Version: Deadline 8.0
In Part 1 we discussed at what containers are, and we worked through a basic example of building a Deadline Client container image from which we could launch headless Deadline Client programs like Slave. In Part 2 we dig a little deeper into the motivations for using containers, and then we extend the Deadline Client image built in Part 1 to include a worker program.
One might ask, "Why bother running Deadline in a container?"
To answer that, let's think about the software side of a production pipeline. It is comprised of several connected systems, where the term system might refer to an operating system, a program, a script, or even a configuration, and the data that flows through it. These lower-level systems also get wired together by clever people to form higher-level systems, which might further be combined again at even higher levels.

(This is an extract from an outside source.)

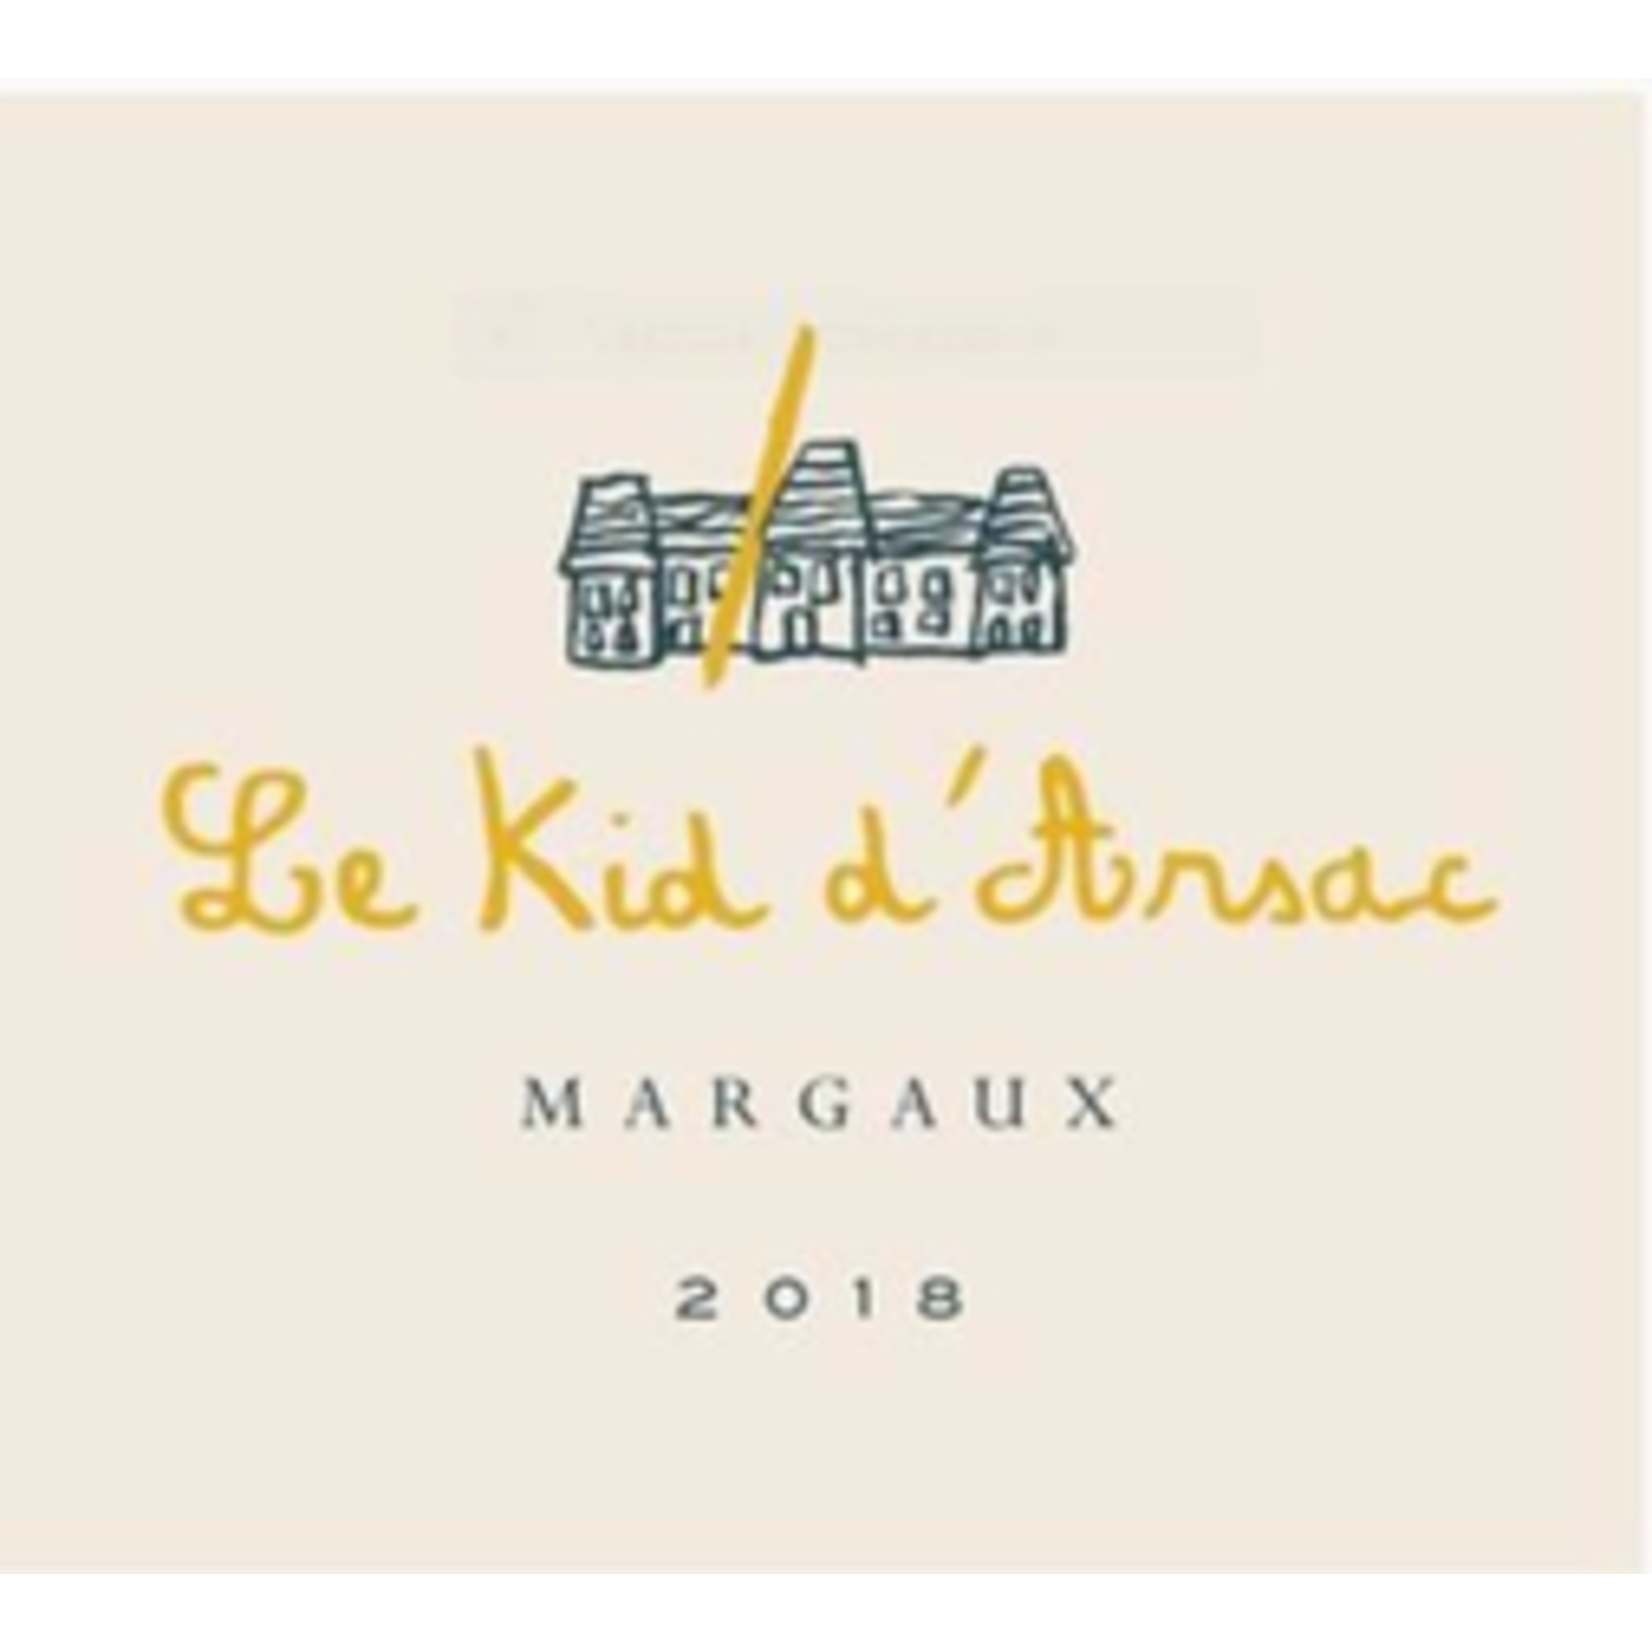 Wine Le Kid d'Arsac  2018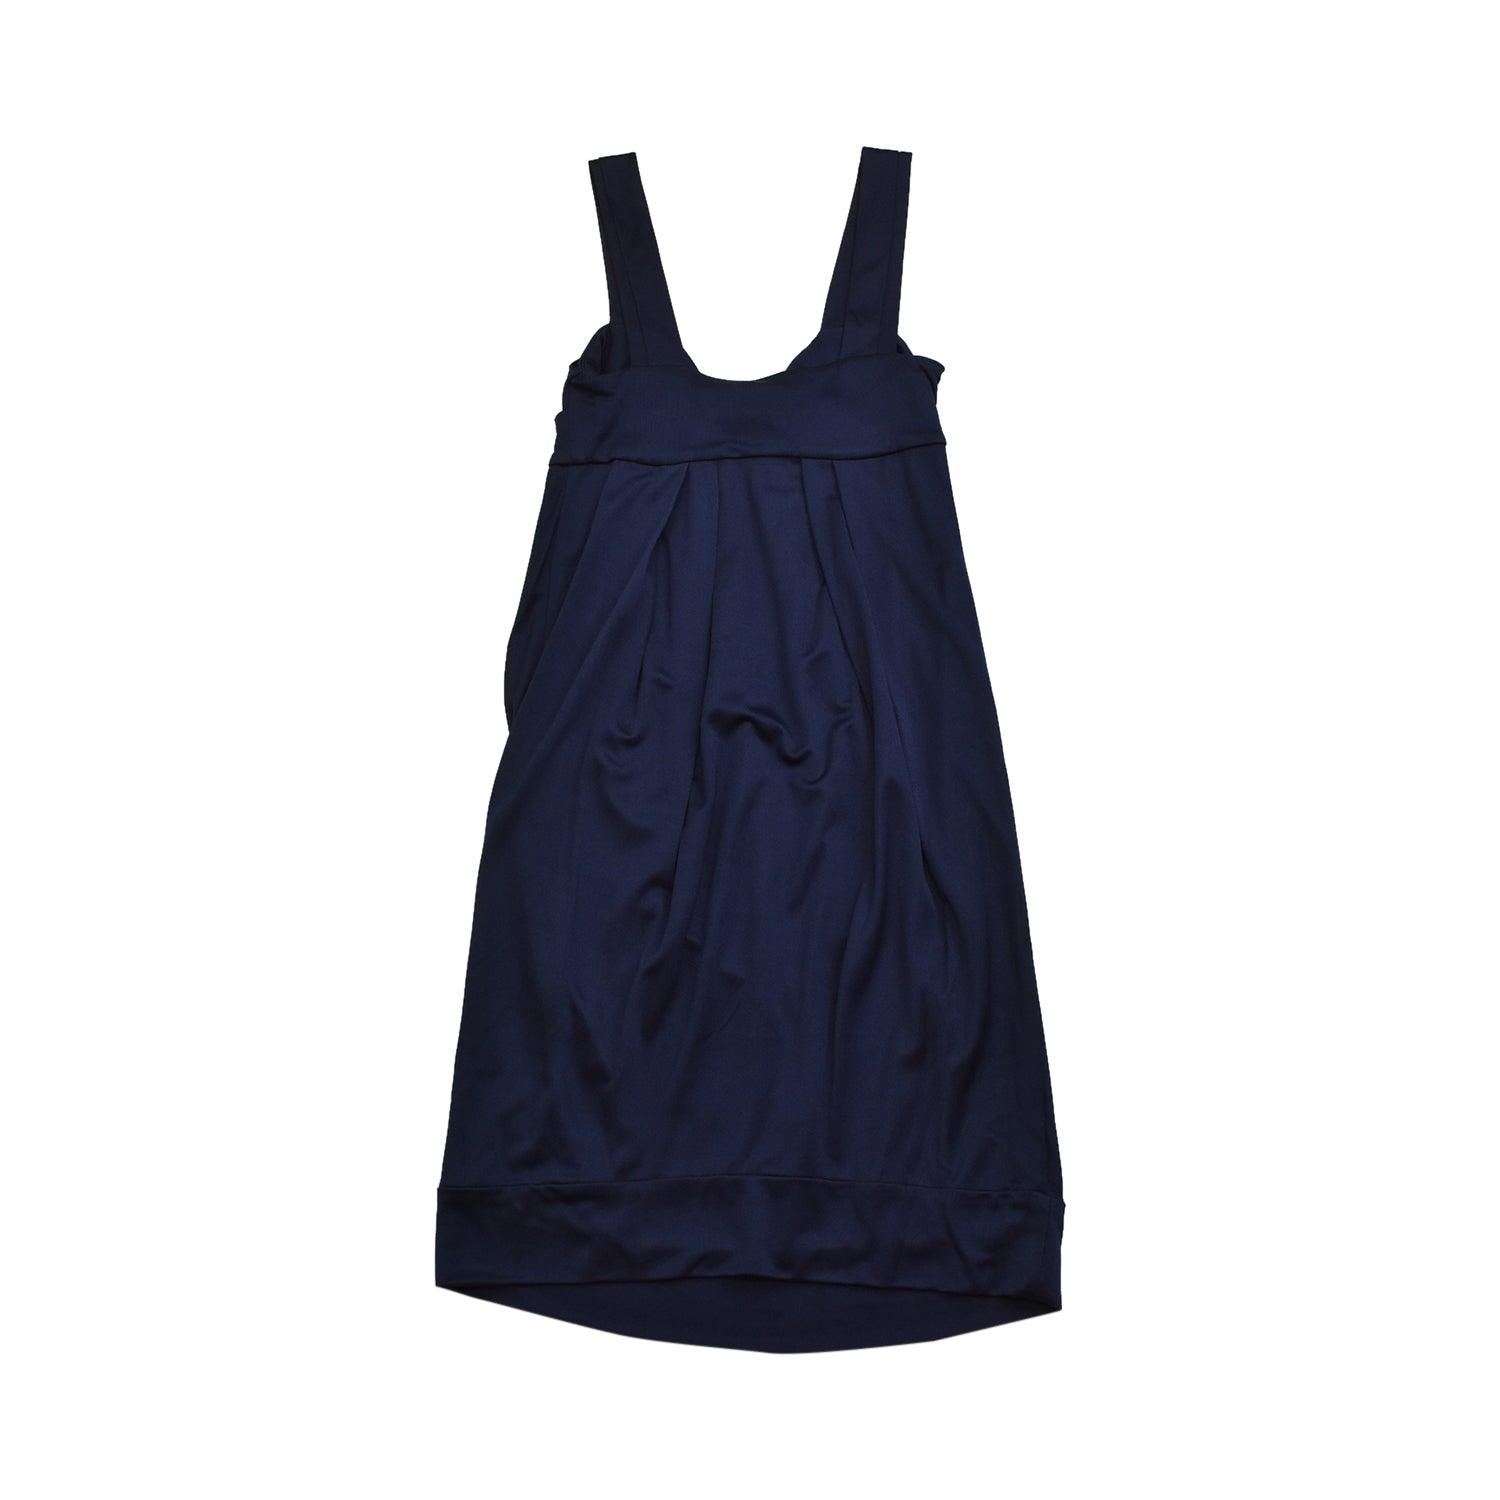 Diane Von Furstenberg Mini Dress - Women's 0 - Fashionably Yours

Regardless of the level at which a system exists, its advancement typically follows a change-test-release cycle where problems found in either the test stage or the release stage feedback into the change stage to start a new cycle. The more rapidly this cycle can be executed, the faster and more fluidly the system will mature.
One of the biggest barriers to the cycle speed is inconsistencies in the components on which the system rests. For example, a developer's (or TD's, or administrator's) computer has a different history than that of a given test computer or that of a given production computer. Suppose a problem is encountered with the system when it is run on a test computer or on a production computer. Is this problem the result of a flaw in the system, or is it due to an issue with the computer perhaps because of old software or leftover configuration data? A lot of time can be consumed just figuring out where the problem lies.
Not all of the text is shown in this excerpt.